Prompt: Every line of the material below should be output exactly as written, with the images skipped.

Information supplied section start

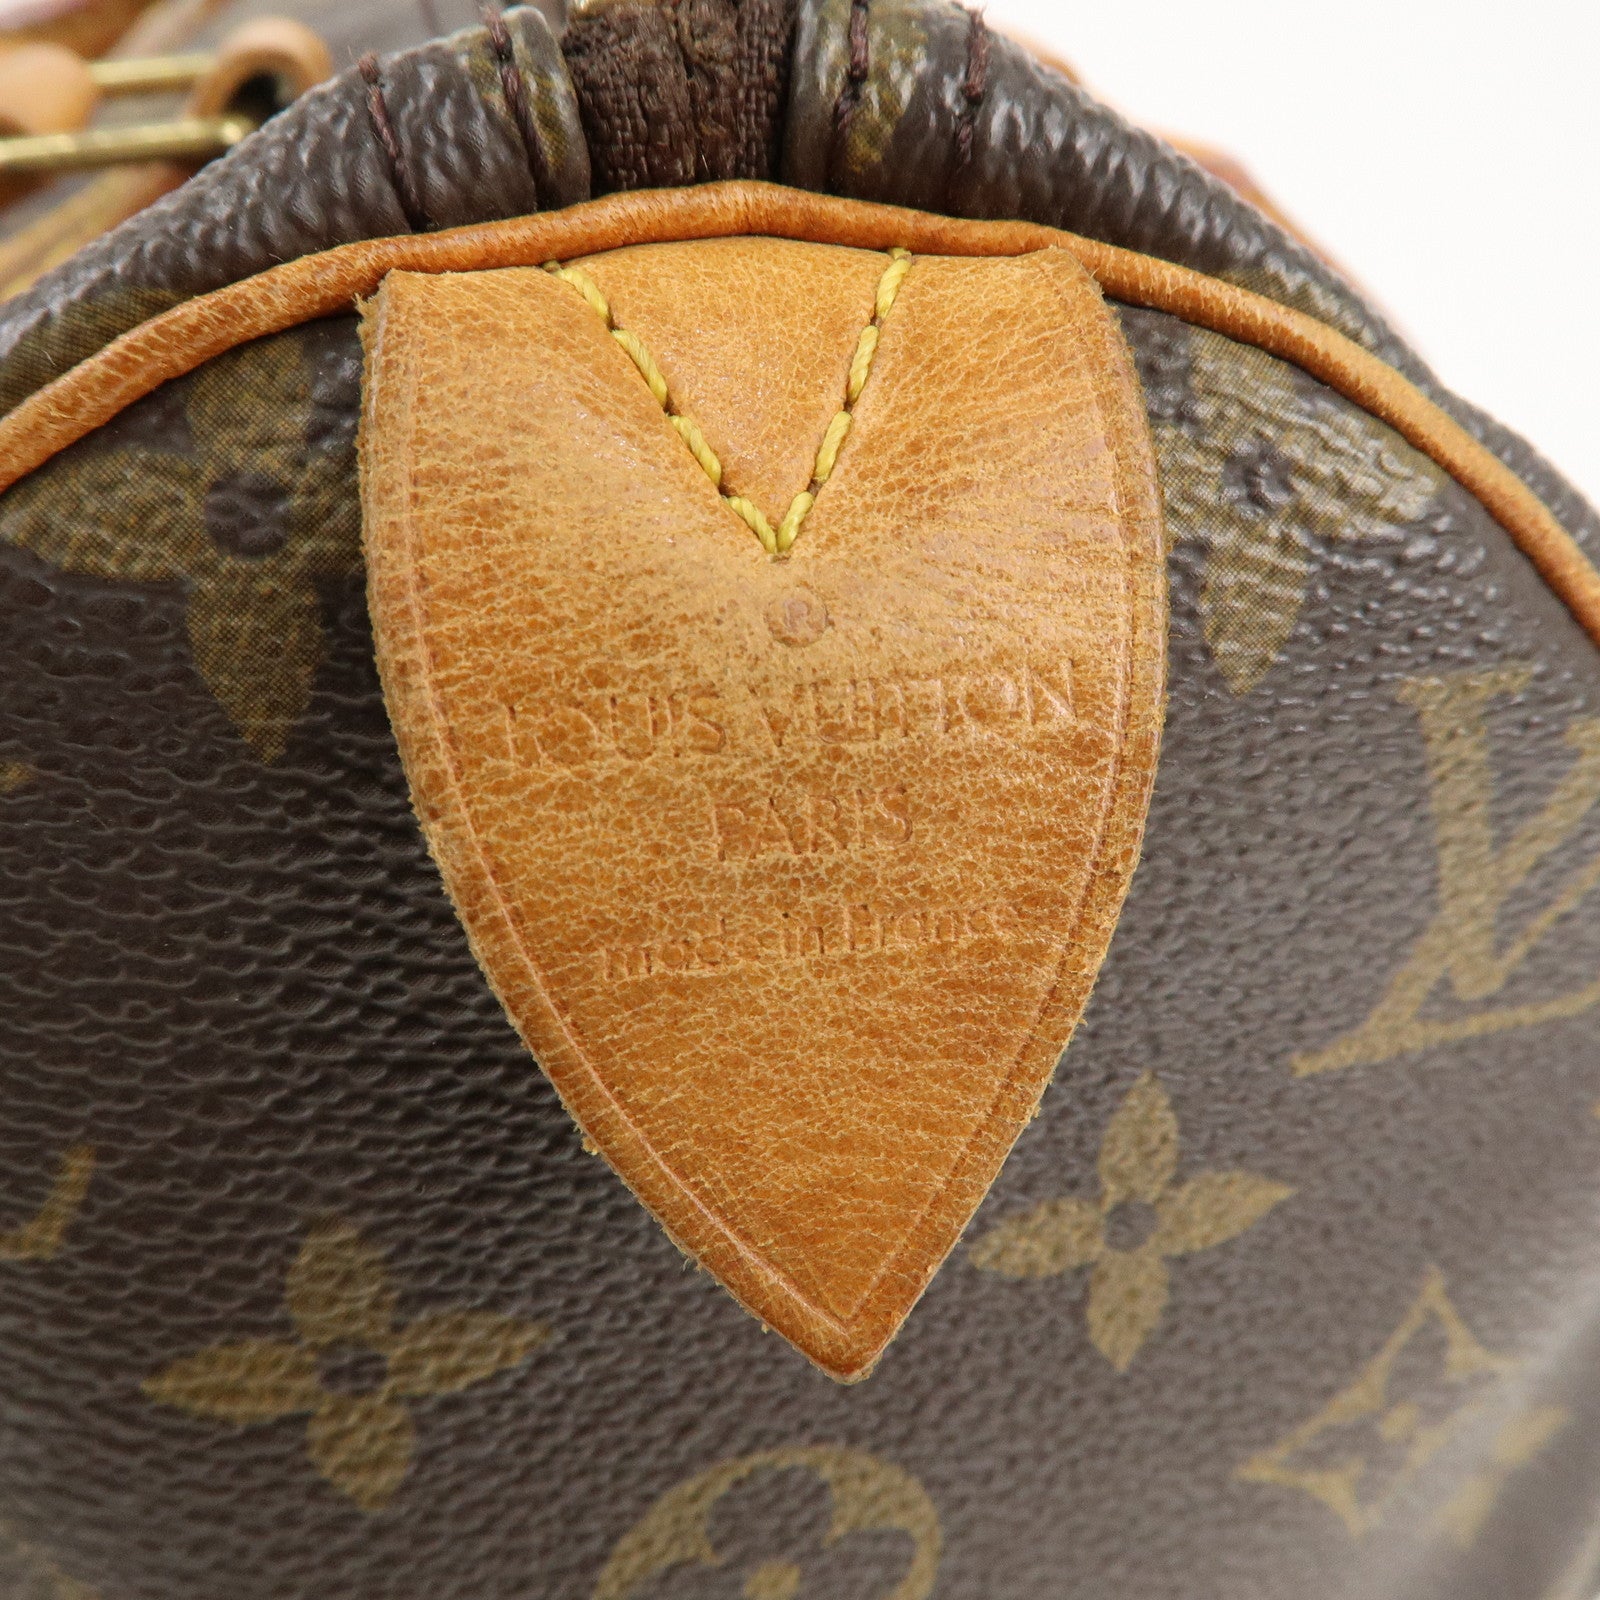 Louis Vuitton Speedy 30 M41526 Monogram Handbag 11458
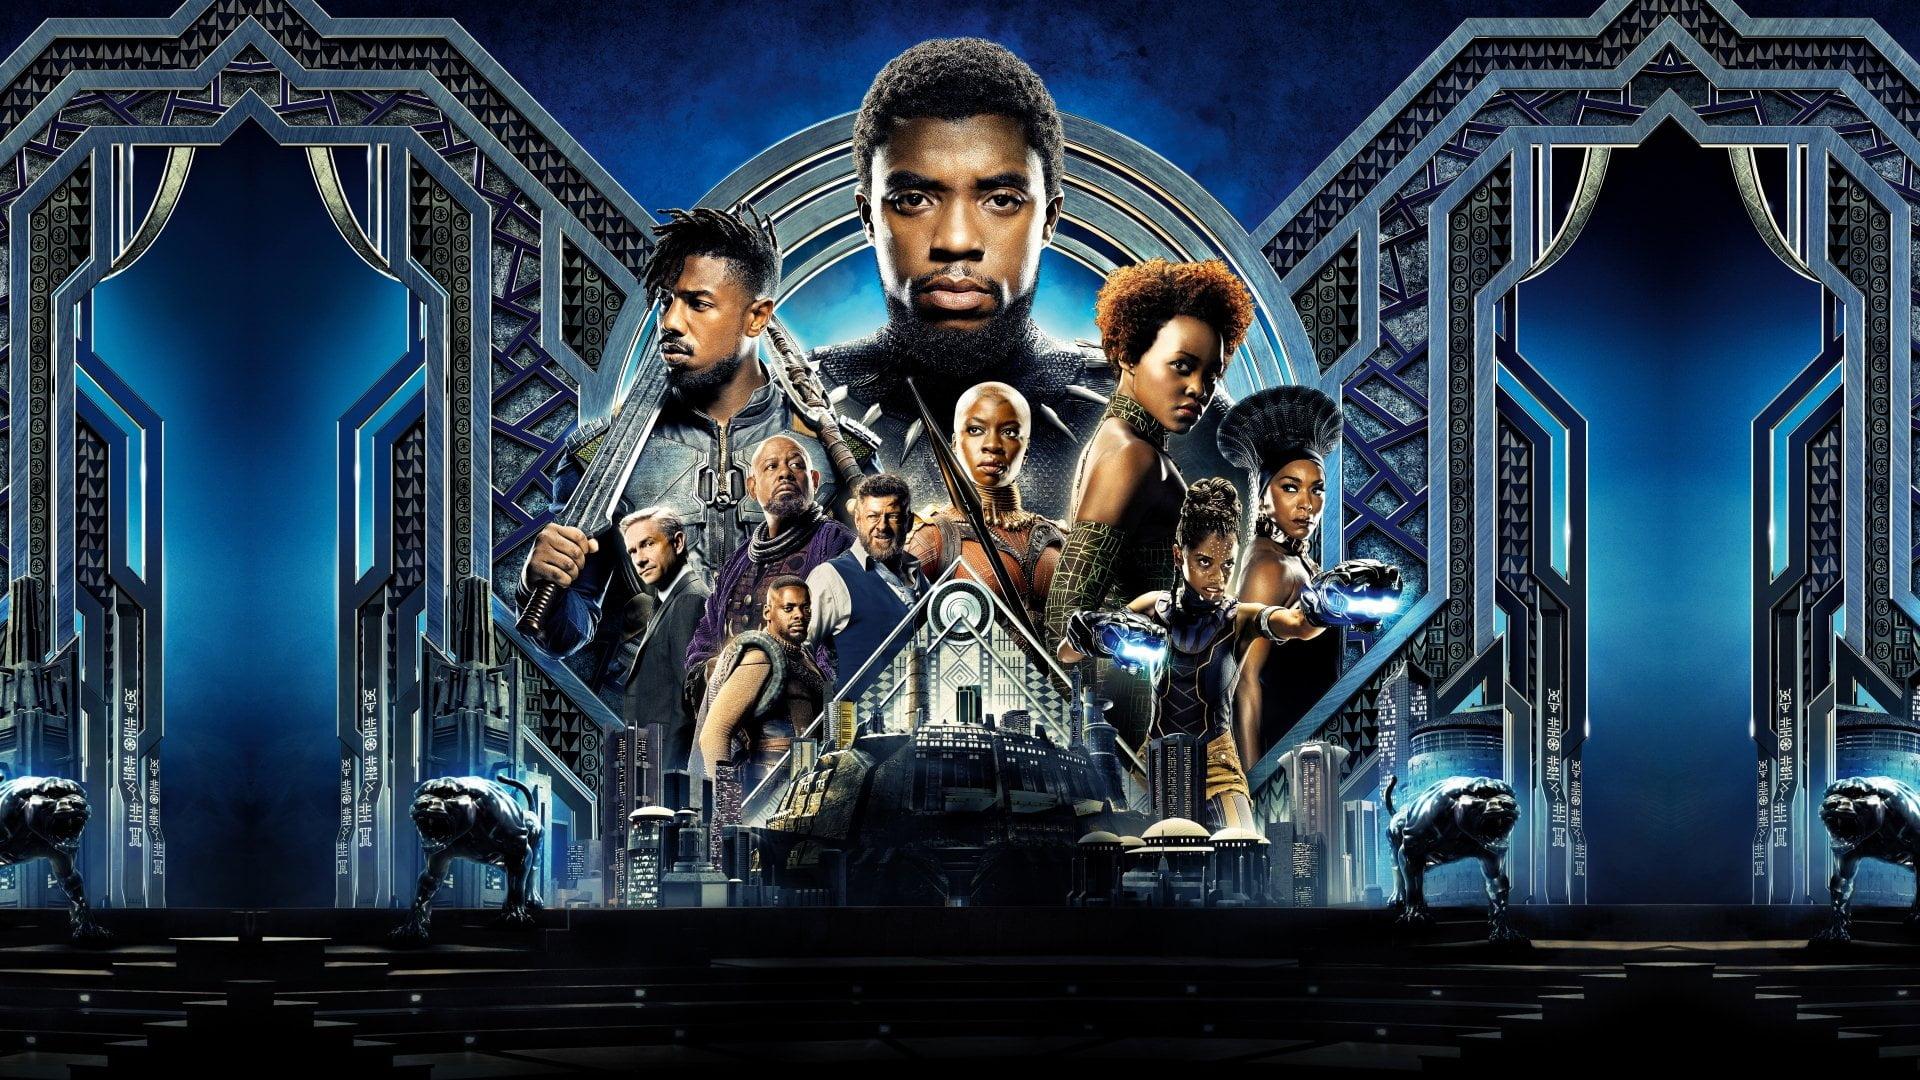 HD wallpaper: Black Panther movie poster, Andy Serkis, Angela
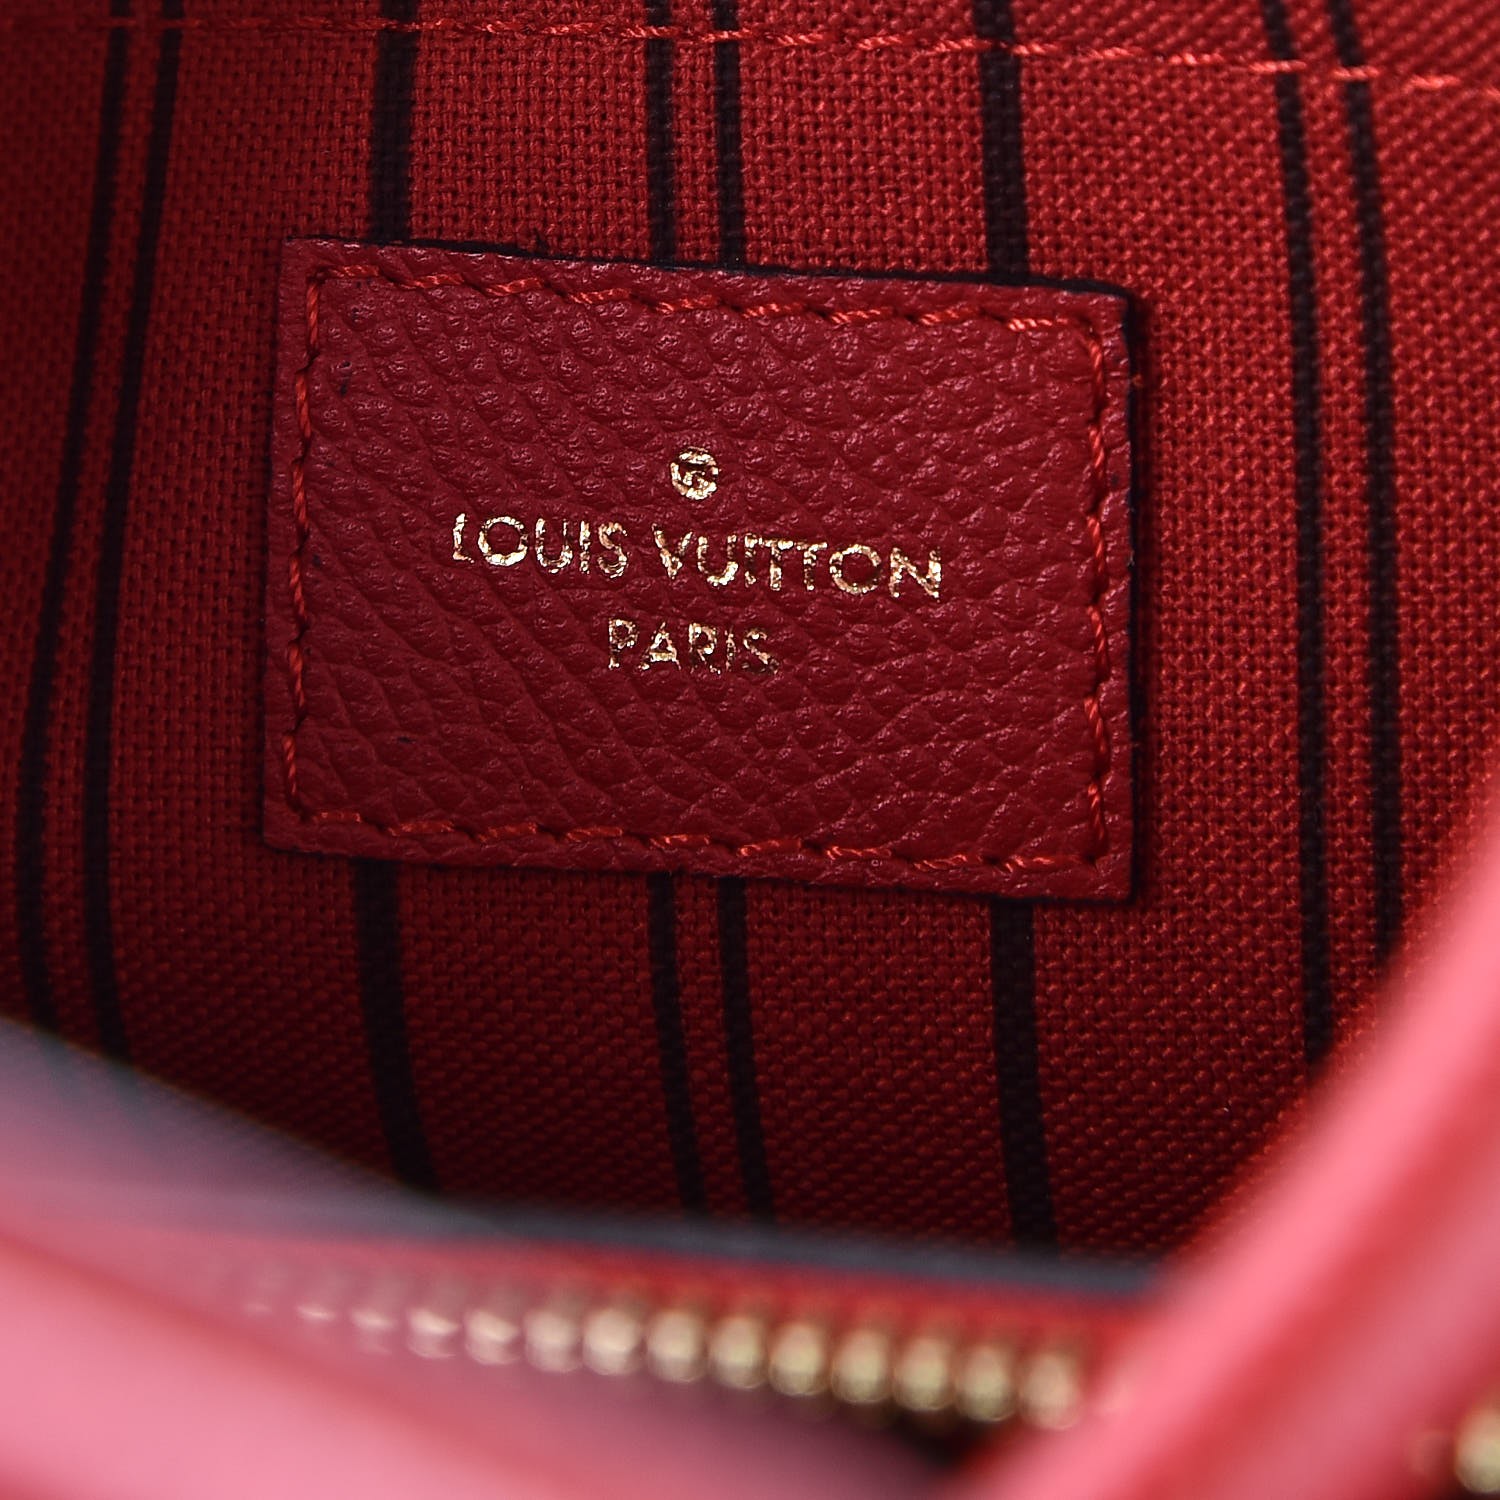 Louis Vuitton Melie Bag, Bragmybag

Information supplied section end

Response box:
 Louis Vuitton Speedy 30 M41526 Monogram Handbag 11458
 HD wallpaper: Black Panther movie poster, Andy Serkis, Angela
 Louis Vuitton Melie Bag, Bragmybag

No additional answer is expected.